Res Gestae
Ammianus Marcellinus
Ammianus Marcellinus. Ammianus Marcellinus, with an English translation, Vols. I-III. Rolfe, John C., translator. Cambridge, MA; London: Harvard University Press; W. Heinemann, 1935-1940 (printing).
Therefore Media abounds in rich cities, in villages built up like towns, and in a great number of inhabitants; it is (to speak briefly) the richest residence of the kings.
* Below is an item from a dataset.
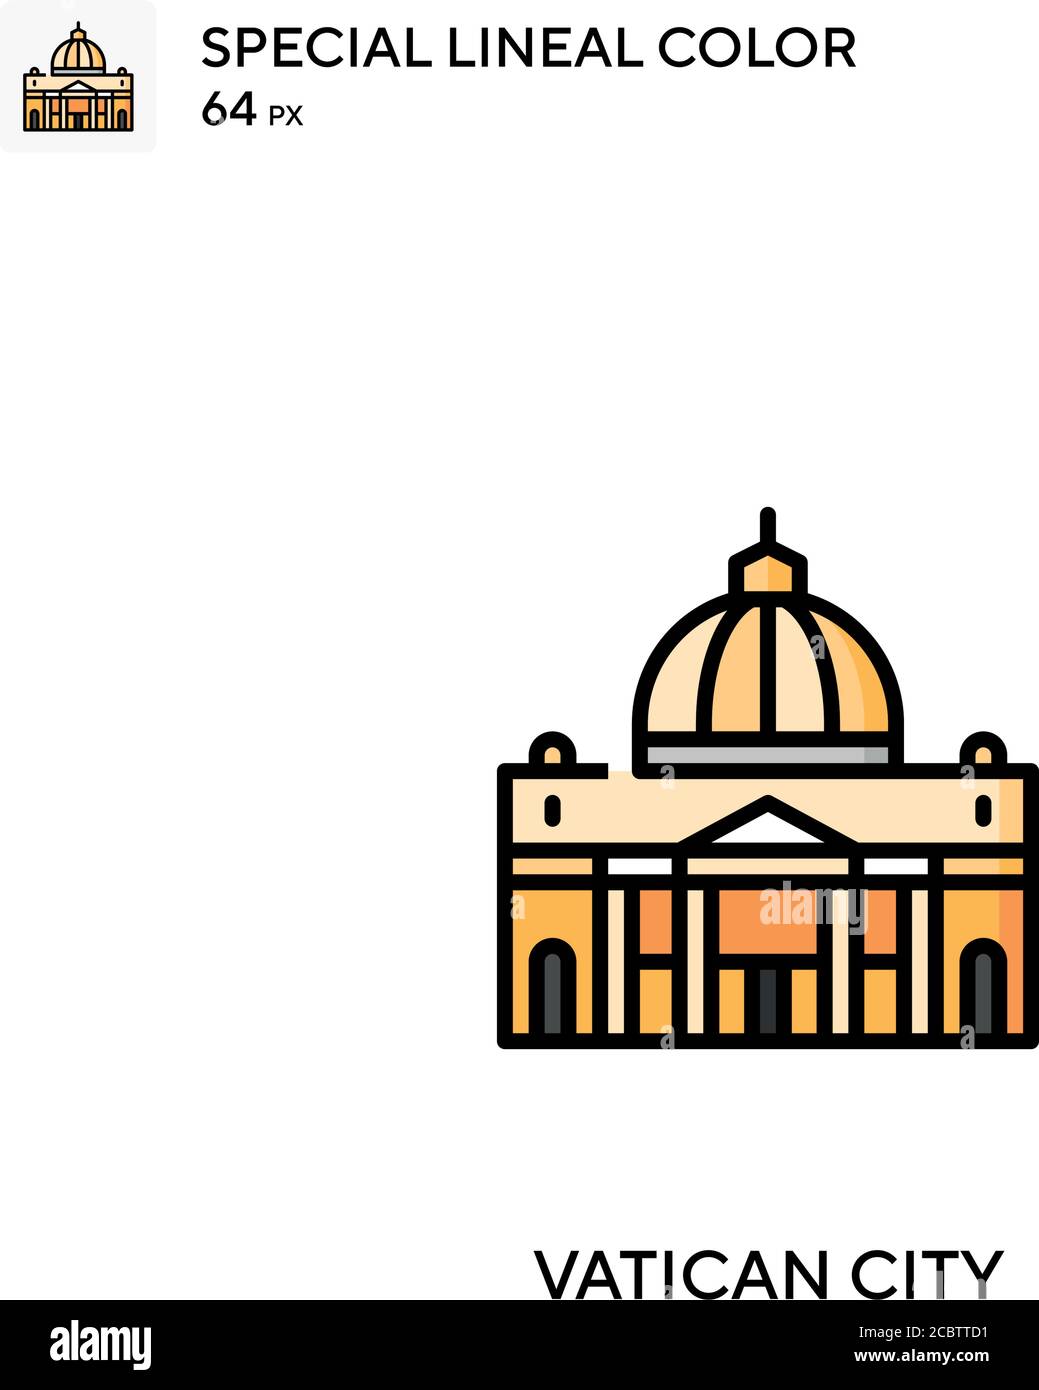 Vatican city Special lineal color vector icon. Vatican city icons for your business project Stock Vector

In these parts are the fertile fields of the Magi, about whose sects and pursuits—since we have chanced on this point—it will be in place to give a few words of explanation. According to Plato,[*](Ax. 371, D; Isoc. ii. 28, 227 A.) the most eminent author of lofty ideas, magic, under the mystic name of hagistia,[*](ἁγιστεία, (ritual, holy rites. ) is thepurest worship of the gods. To the science of this, derived from the secret lore of the Chaldaeans, in ages long past the Bactrian Zoroaster[*](For Zarathustra, the founder of the Perso-Iranian native religion, which prevailed from 559 B.C. to A.D. 636. The Greek and Roman writers assign his birth to various places, into which his religion was introduced; it was probably Bactria, or western Iran. His date is also uncertain; Aristotle put it 6000 years before the death of Plato (Pliny, N.H. xxx. 3), others 1000 B.C.) made many contributions, and after him the wise king Hystaspes,[*](Hystaspes was not king. Others regard a much earlier Hystaspes as the teacher of magic.) the father of Darius.
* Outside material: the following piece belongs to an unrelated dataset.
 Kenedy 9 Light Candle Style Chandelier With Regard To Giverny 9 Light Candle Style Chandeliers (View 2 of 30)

When Zoroaster had boldly made his way into the unknown regions of Upper India, he reached a wooded wilderness, whose calm silence the lofty intellects of the Brahmins control. From their teaching he learned as much as he could grasp of the laws regulating the movements of the earth and the stars, and of the pure sacrificial rites. Of what he had learned he communicated something to the understanding of the Magi, which they, along with the art of divining the future, hand on from generation to generation to later times.
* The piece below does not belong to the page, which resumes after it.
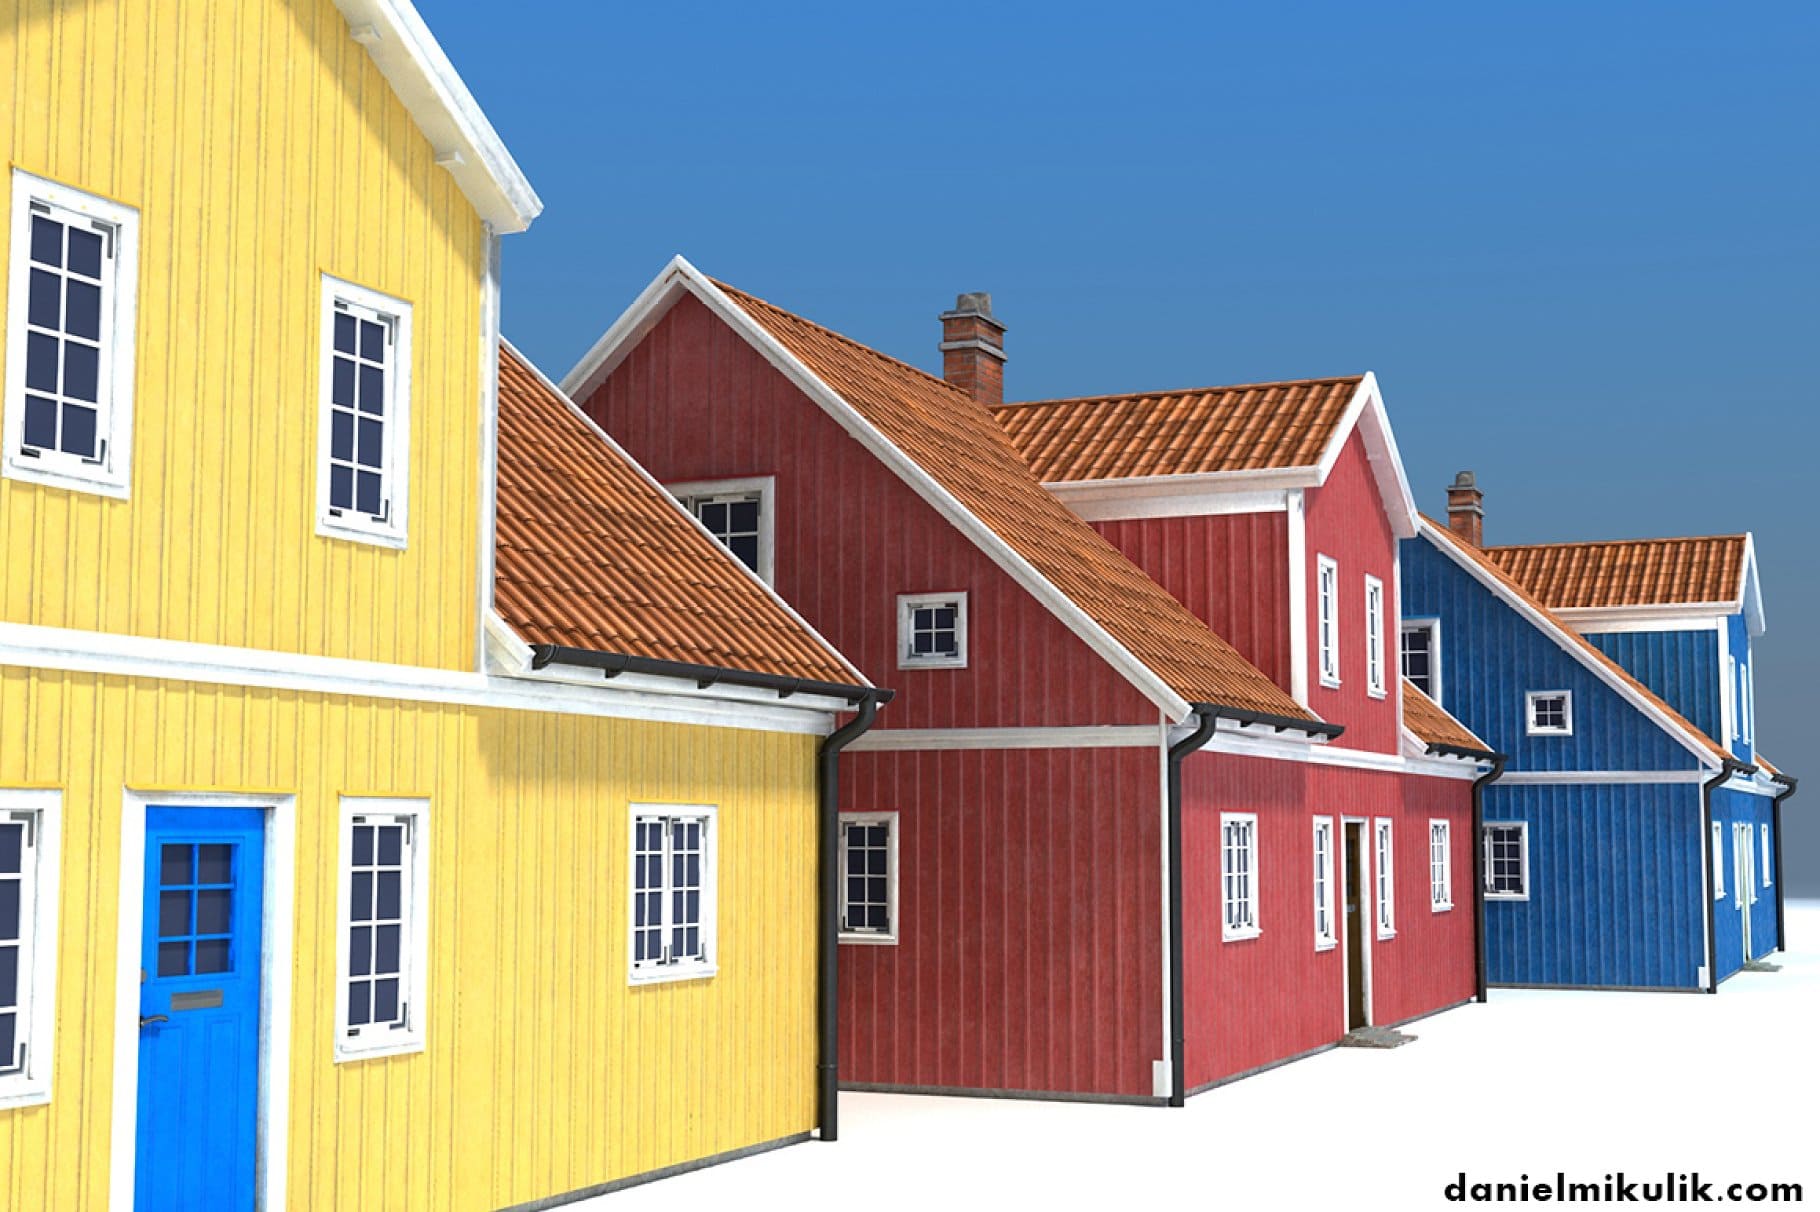 Yellow, red and blue house with brown roofs.

From that time on for many ages down to the present a large class of men of one and the same descent have devoted themselves to the service of the gods.[*](Their priesthood was hereditary, handed on from father to son.) The Magi also say (if it is right to believe them) that they guard on ever-burning braziers a fire sent down from heaven in their country, and that a small portion of it, as a good omen, used to be carried before the Asiatic kings.
The number of Magi of this origin in old times was very small, and the Persian potentates made regular use of their services in the worship of their gods. And it was sin to approach an altar, or touch a sacrificial victim, before one of the Magi, with a set form of prayer, poured the preliminary libations. But they gradually increased in number and became a strong clan, with a name of their own; they possessed country residences, which were protected by no great walls,[*](I.e. without walls.) and they were allowed to live in accordance with their own laws, and through respect for religion were held in high esteem.